Además de su vertiente histórica, Torfou conserva un patrimonio interesante: la iglesia de origen románico, varios edificios tradicionales y, en los alrededores, castillos y molinos que recuerdan la vida rural de antaño. Destacan especialmente el castillo de la Flocellière y un antiguo molino de viento que sigue marcando el horizonte del bocage.

Es un destino perfecto si te gusta combinar naturaleza, historia y turismo tranquilo. Puedes organizar una pequeña ruta en coche por los pueblos vecinos, detenerte en algún mercado local y disfrutar de los productos de la Vendée, como quesos, bollería tradicional o vinos ligeros.

Champtoceaux: vistas sobre el Loira y restos medievales

Pueblos bonitos cerca de nantes

A unos 30 km de Nantes, Champtoceaux se levanta sobre un promontorio rocoso que domina el Loira y los viñedos cercanos. Esa situación privilegiada convierte al pueblo en uno de los miradores naturales más impresionantes de la zona, con panorámicas que cambian según la luz del día y la estación.

Champtoceaux fue en la Edad Media una auténtica plaza fuerte. De aquel potente castillo apenas quedan hoy restos, pero permiten imaginar la importancia estratégica del lugar. La fortaleza fue considerada casi inexpugnable hasta que las tropas de Richelieu ordenaron su destrucción en el siglo XVII, dentro de su política de control del poder feudal.

Además de pasear por los restos del castillo y las antiguas defensas, puedes acercarte a los miradores sobre el río, donde se abren terrazas naturales sobre el Loira y los campos de viñas. En otoño, con las hojas coloreadas, el paisaje se vuelve especialmente fotogénico.

La zona también invita a disfrutar de actividades fluviales: desde pequeños cruceros por el Loira hasta salidas en piragua o jornadas de pesca. Es un buen rincón para hacer una pausa en una ruta en coche por la región y estirar las piernas con una caminata suave entre viñedos y ribera.

Nantes

Por último, una de las mejores formas de aprovechar Nantes es usarla como punto de partida para una ruta de varios días por el estuario del Loira y la costa atlántica. En aproximadamente seis días puedes combinar pueblos marineros, balnearios elegantes, marismas, dunas, villas señoriales y ciudades con un pasado industrial muy potente.

Puedes comenzar por hacer una escapada a Trentemoult, tras recorrer la propia nantes hasta conocerla entera. Después puedes pasear por La Baule, uno de los mejores balnearios sobre la costa del Atlántico.

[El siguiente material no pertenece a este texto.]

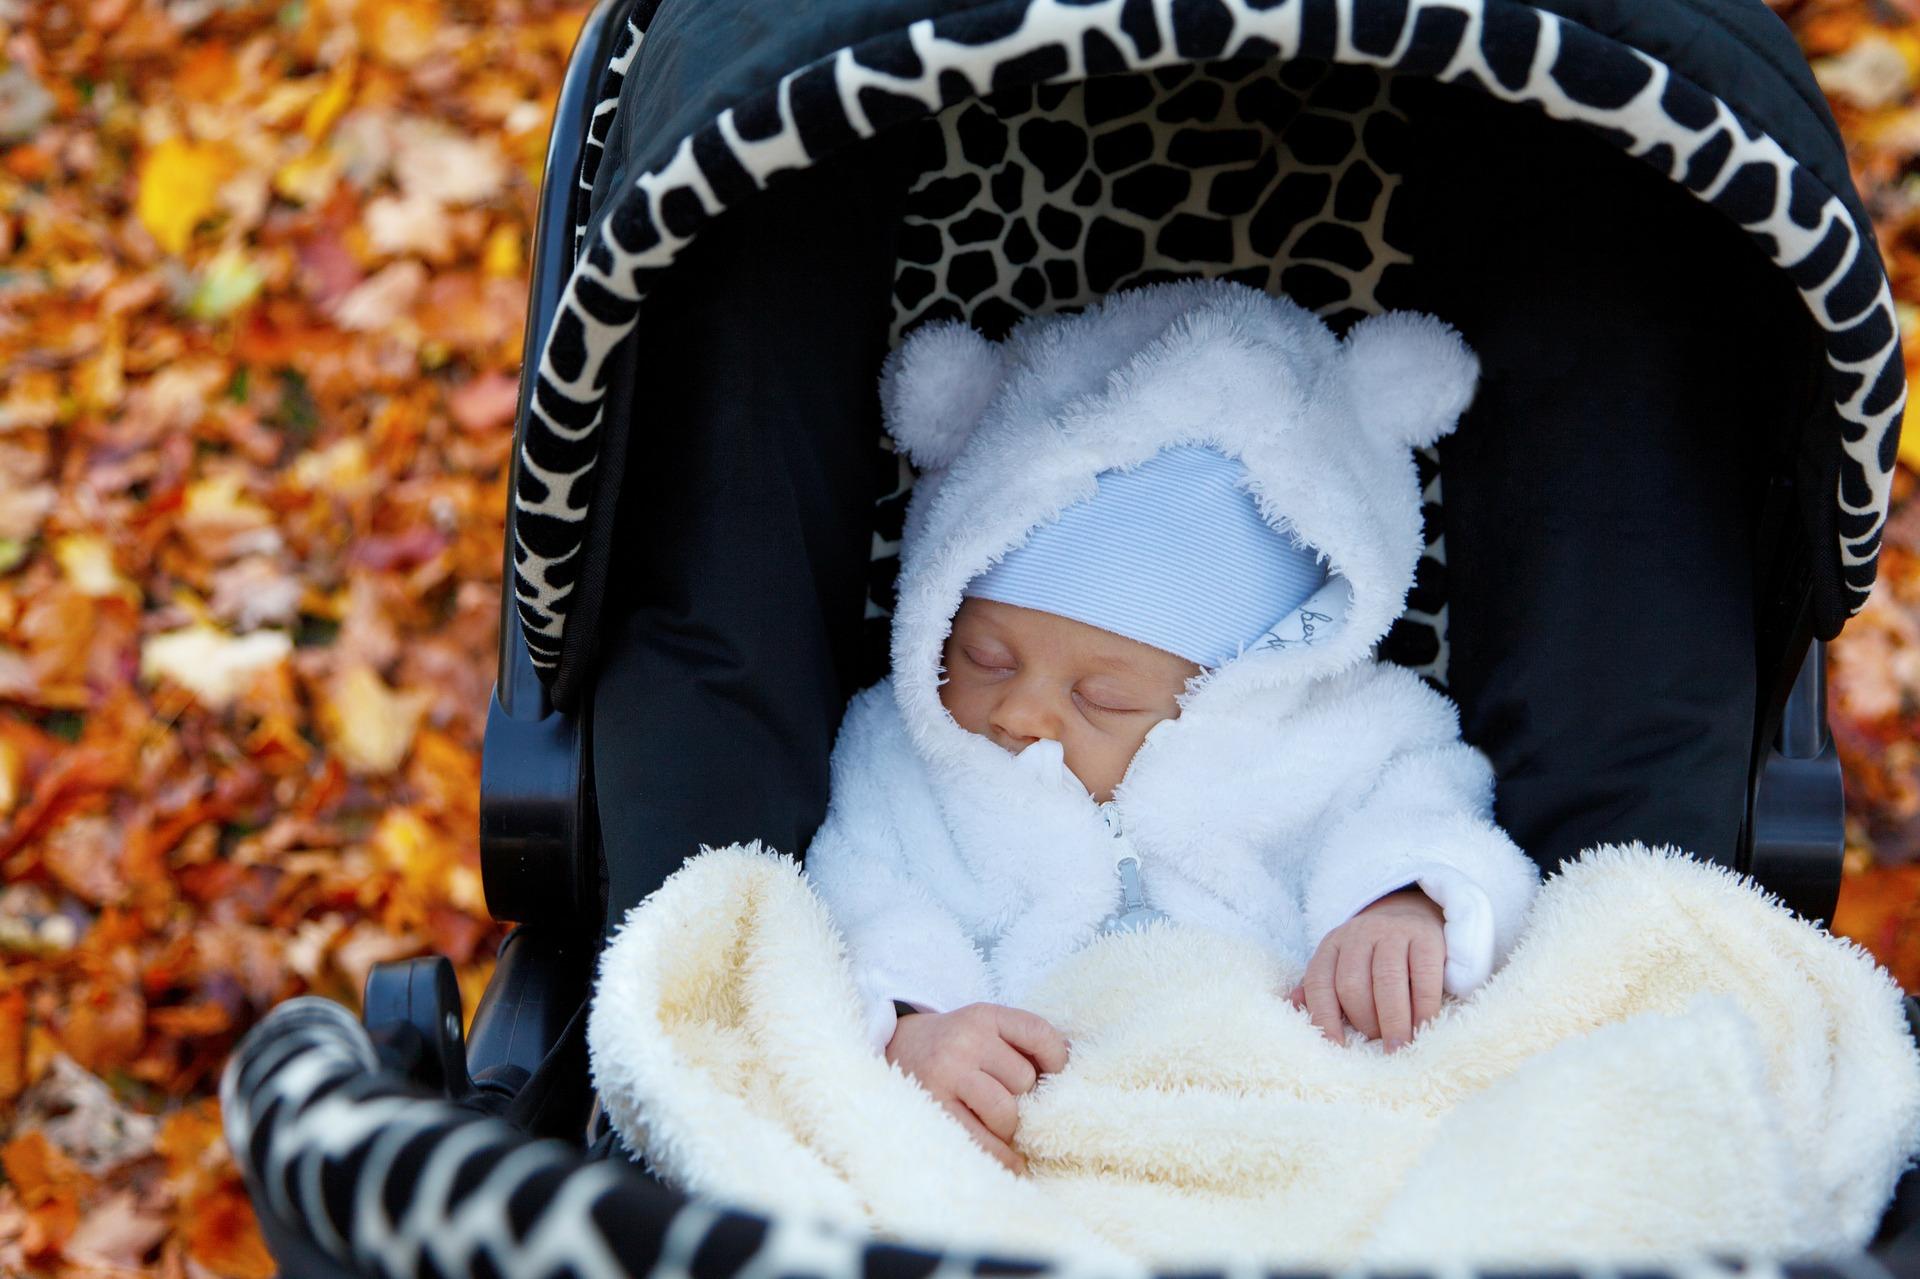 Прогулка с новорожденным младенцем

Al cuarto día le toca el turno a Pornicget, entre villas lujosas y bonitas playas. Al día siguiente le tocará el turno a Saint-Nazaire, pueblo costero con impronta propia donde puedes ver una estructura de hormigón levantada por los nazis en 1941 y visitar el submarino Espadon. Después, al otro día, llegarás a Pornic, la perla de la Costa de Jade con un casco histórico encantador.

Lo cierto es que la región del Loira Atlántico es ideal para practicar el llamado “slow travel”: moverse despacio, enlazar pueblos, disfrutar de la gastronomía local, pedalear junto al mar, explorar marismas, castillos y viejos puertos, y dejar que cada lugar se quede un poco dentro de ti. Nantes y sus pueblos cercanos son un punto de partida fantástico para este tipo de viaje pausado y lleno de matices.